Greg Kamradt [00:47:14]: Well, we've done that a bunch. We've made AI beat chess, we made AI be go. Okay, cool. If you can make an AI that beats 50 games, that's much more interesting. But the problem is that those 50 games are all public and you can have developer intelligence and developer intuition as to how to go beat those 50 games. What RKGI3 is going to be is we're going to make AI beat 50 games. It is never seen beforehand and they're each novel from each other. And that is a much further extension and axes of freedom about where we're taking this.
Greg Kamradt [00:47:46]: What you can assert about the model that beats it is it will have had no choice but to interact with its environment, learn the rules of the game in 50 different novel situations.
Demetrios [00:47:55]: But you're not letting it just simulate for hours and hours. Or maybe you are. That's the test time compute type thing we will.

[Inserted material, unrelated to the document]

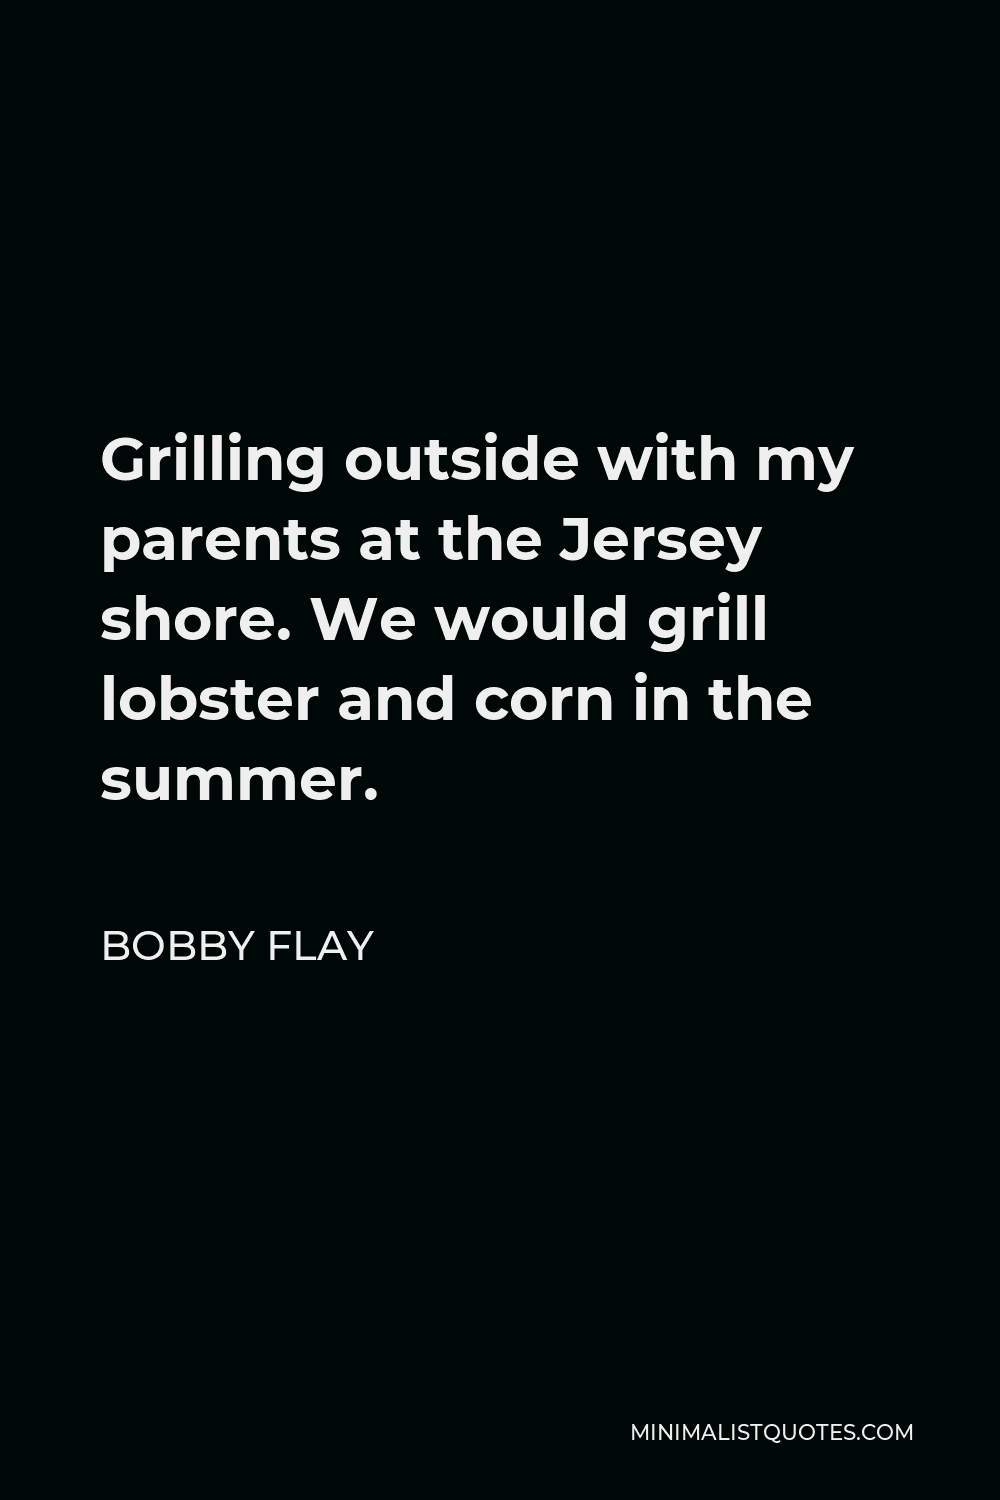 Bobby Flay Quote - Grilling outside with my parents at the Jersey shore. We would grill lobster and corn in the summer.

Greg Kamradt [00:48:02]: And that's where efficiency comes into it. And so what we're going to do is we're going to go test 400 humans on those 50 games and we're going to see how many actions does it take for a human to actually solve this and how many actions to take for AI to go solve it. So that's where we get our efficiency that comes from it. In addition to cost and energy that comes from that.
Demetrios [00:48:18]: I think we gotta go.
Greg Kamradt [00:48:19]: I just saw Beautiful, man.
Demetrios [00:48:20]: Boss man. That's a great way of ending it, man. We'll cut it there.
Greg Kamradt [00:48:23]: It's too good.
Demetrios [00:48:25]: You were awesome, man. This is great. But it was perfect. It was like.